This morning, his comments were echoing through my ears… “Are you sure you want to do this?”
Sitting on the operatory chair in my brother-in-laws dental office, I did have to wonder what in the world I was doing there.
Sure, a couple of my teeth were not perfectly straight, but it had never really bothered me before – at least not to the point that I had been willing to spend any money to get them fixed. And, hey, my beautiful, amazing wife had married me crooked teeth and all, so it was not like I needed them straight to impress the ladies or increase my chances of a hot date… I had one of those every day, all day. To top all that off, my children all loved me, no matter what my teeth looked like.
So, why was I sitting on the side of the chair staring at the 20 metal brackets and 2 orthodontic wires sitting on the tray next to me? This was going to cost me time, money, and pain – and for what?
“You know what Joe, let’s do it,” I said, “Joshua is getting braces on and Esther has had them on for 3 months already. I want to be an example to them of trying new things.”
He shrugged his shoulders, gave me that coy grin of his, chuckled with a mirthful laugh that said, “Ok… but you have no idea what you’re getting into!” and had me lay down in the chair.
2 hours later I felt like someone had snapped a pair of vice grip pliers on my teeth and was mercilessly yanking on them. If that wasn’t bad enough, there was this wire digging in here and a bracket grinding on my lips there. But, truthfully, all-in-all, as I walked out of the office, it wasn’t too bad.
This morning, almost 48 hours later, my whole face feels loose and sore, especially the two teeth that are most out of line. The raw lip syndrome has set in with a fury and sleeping has been a bit troublesome because every time I roll over my face presses against the pillow and reminds me that the vice grips are still there yanking on my teeth.
It is a constant reminder of the last thing Dr. Joe told me as I sat up from the procedure, “Well, you’re a great dad, Joshua. You know you’re going to have about 5 times the discomfort and pain that your children will have – right?” Now he tells me… thanks a lot!

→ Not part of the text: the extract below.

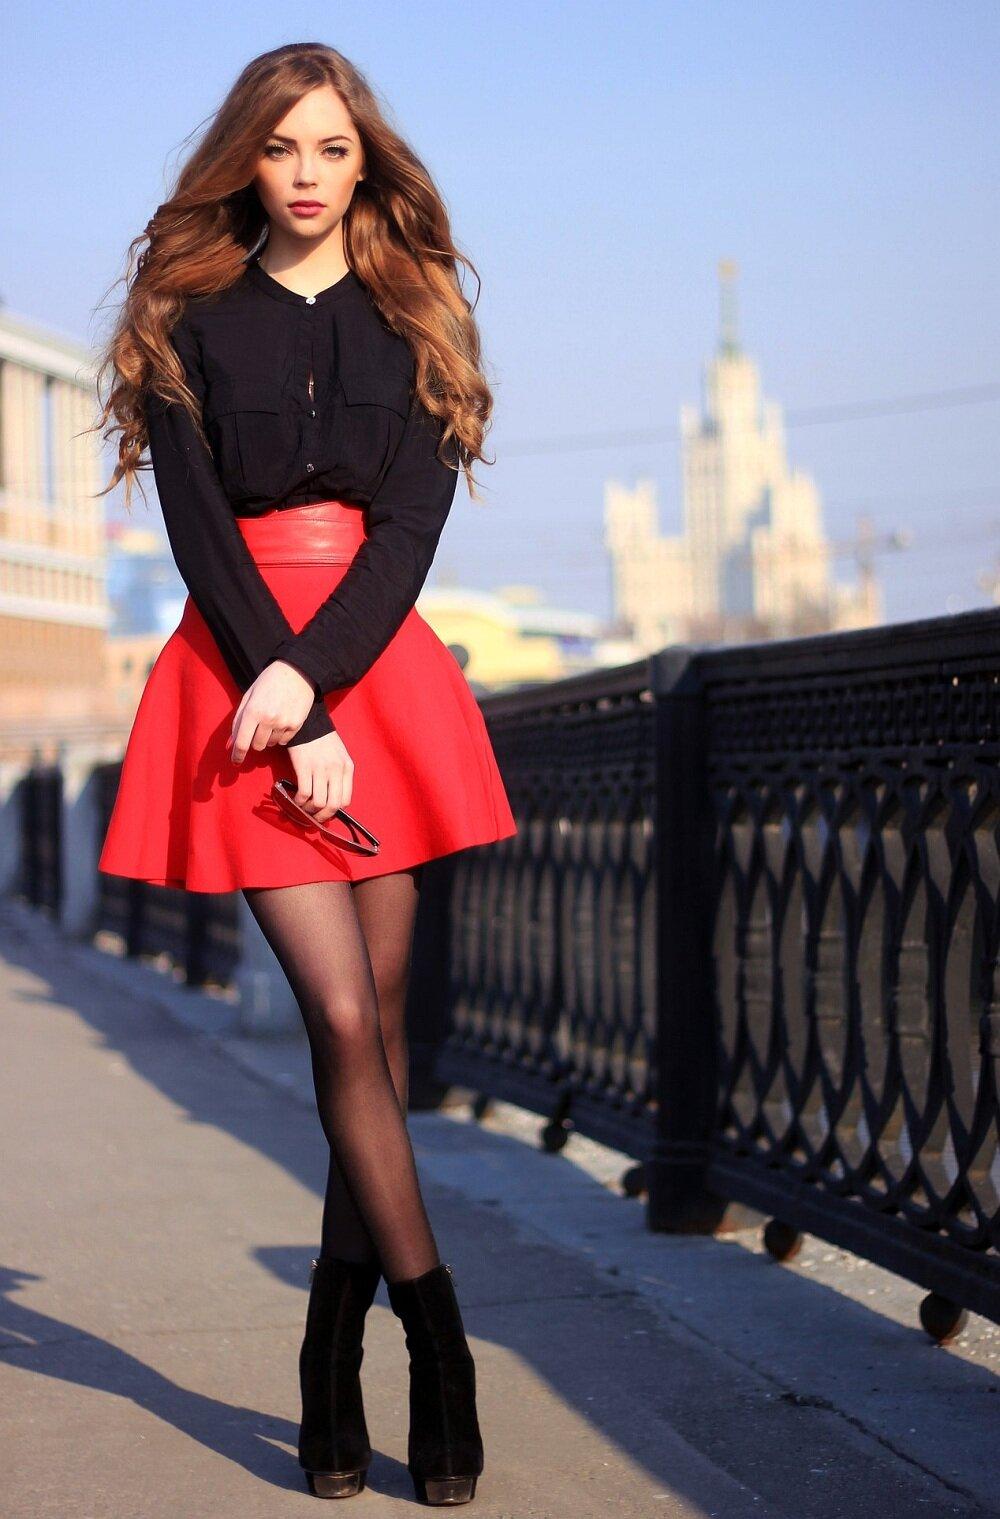 девушка в юбке фотогалерея руками развожу свою
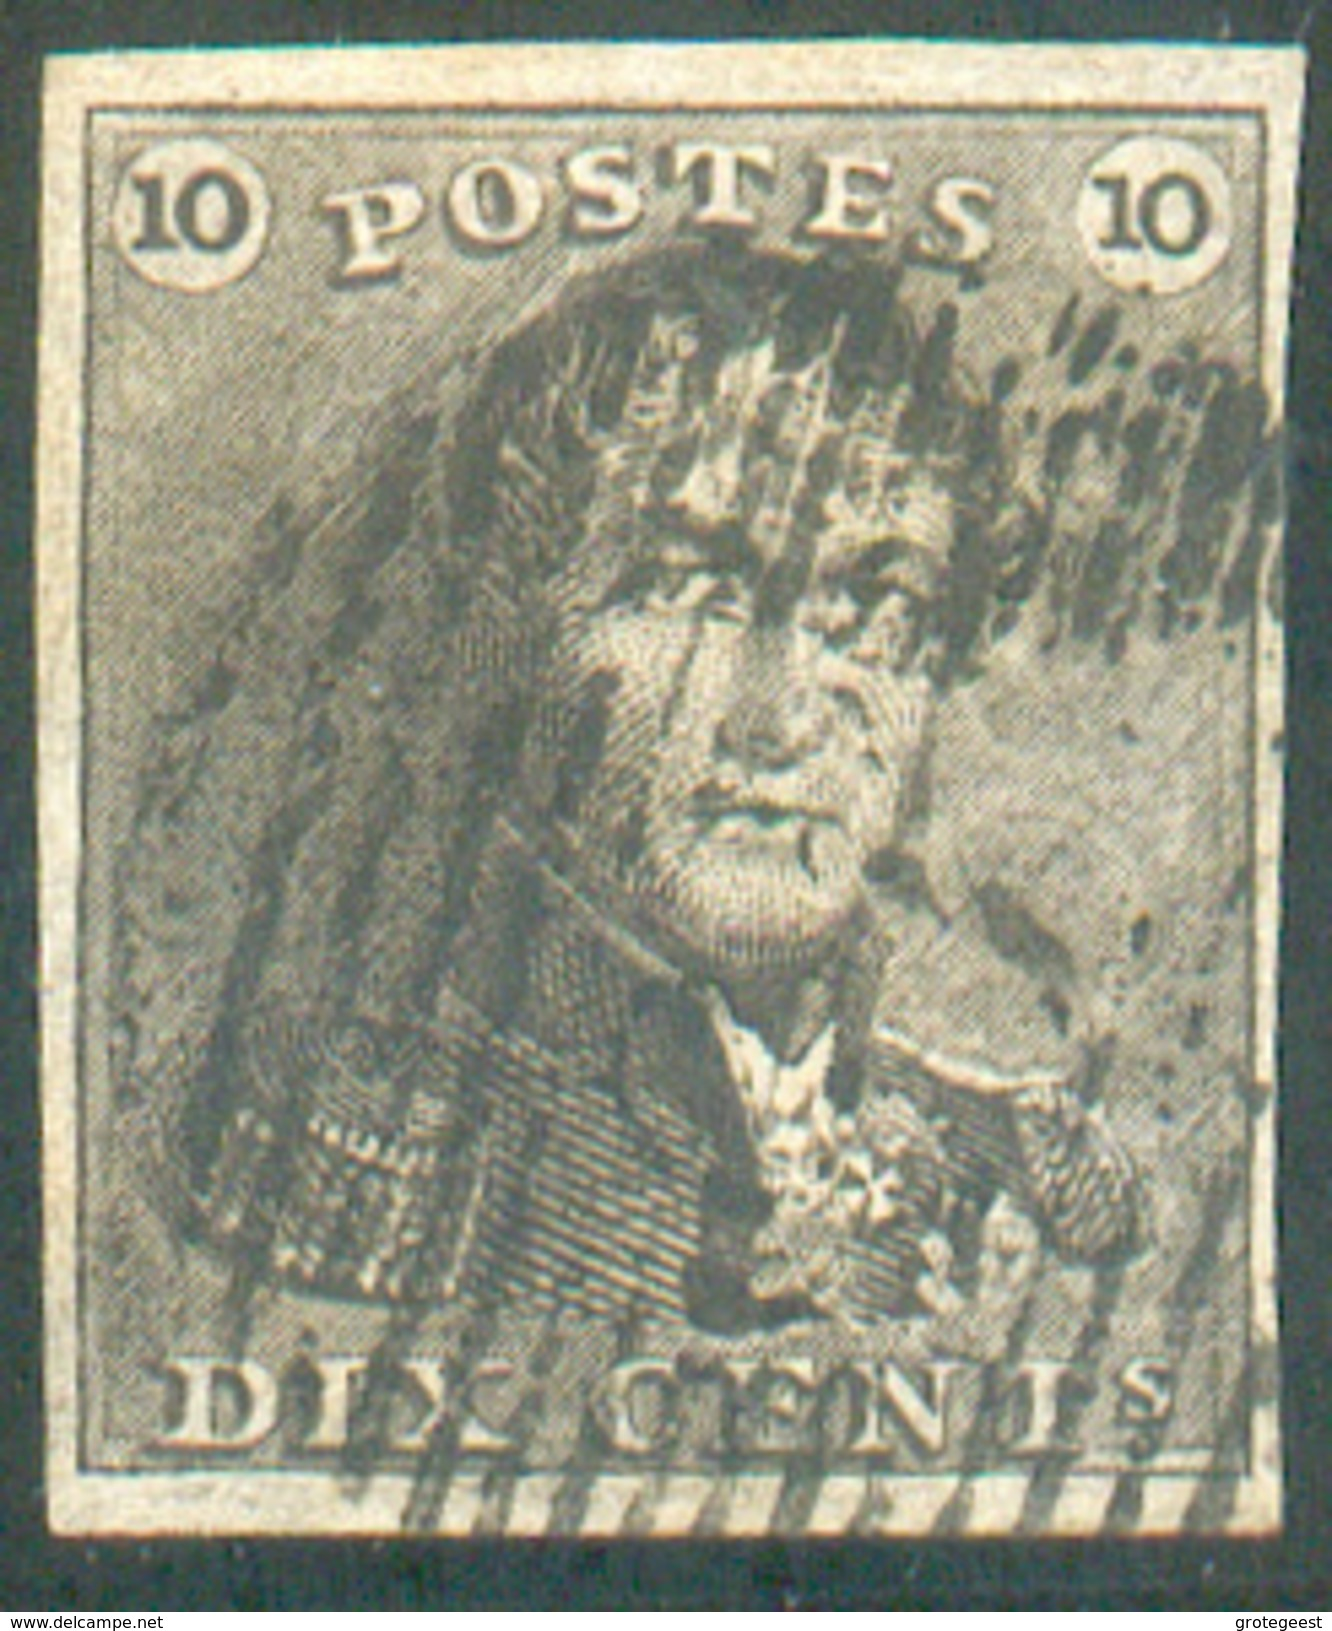 N°1 - Epaulette 10 Centimes Brun, TB Margée Et Léger Pli Accordéon .   - 11597 - 1849 Epaulettes

In truth, I would have done it anyway.
I was there for that exact reason – to be a good dad. I have heard so often that example is the only teacher and the more I strive to raise my children to greatness, the more I realize the profound truth of that statement.
Example says, “If I can do it, so can you!” It urges on, calls to rise up and join those that are going before. It removes excuses and levels the playing field. It drives teachings, lessons, ideas, principles, deep into the realm of reality and extracts them from the vague, superficial and obscure. Example makes it all real.
But there is something more that it does – something that is even more powerful that all of that.
This morning, during my personal scripture study, I discovered what that “more” is. Paul, talking to the Hebrews, stated this about our Savior:
“For in that he himself hath suffered being tempted, he is able to succour them that are tempted.”
And another ancient prophet has said:
“And he will take upon him death, that he may loose the bands of death which bind his people; and he will take upon him their infirmities, that his bowels may be filled with mercy, according to the flesh, that he may know according to the flesh how to succor his people according to their infirmities.”
Setting the example does not just allow me to lead out, forge the way, and level the playing field for my children, it gives me the same experiences that they are having – or will have.
This gives me, as a parent, enormous power to guide, influence, comfort, care for, understand, love, respect, appreciate, and nurture my children in a way that would not be possible if I had not actually experienced the thing for myself.
With that insight in mind, is it any wonder that Christ came to earth and took up flesh? Is it any wonder that God, that created heaven and earth and had all power, still needed to actually, physically experience this life like we would?
He did it because He loves us. He not only wanted to set the example, but He wanted to know and understand, so that He could comfort and guide us in all of our trials, afflictions, griefs, joys, and success. We can never say to the Savior, “Well, you just don’t understand what I am going through.” But we can turn to Him in all aspects of our life and in all circumstances, with the confidence that He has been there, He knows and He can help.
Peter stated this:
“For even hereunto were ye called: because Christ also suffered for us, leaving us an example, that ye should follow his steps”
From the Savior Himself, we hear:
“Follow me, and do the things which you have seen me do.”
As a parent, this is my new creed: To follow the example of the Savior by setting the example for my children in every way possible. Even if it means being strapped with 20 brackets and 2 wires.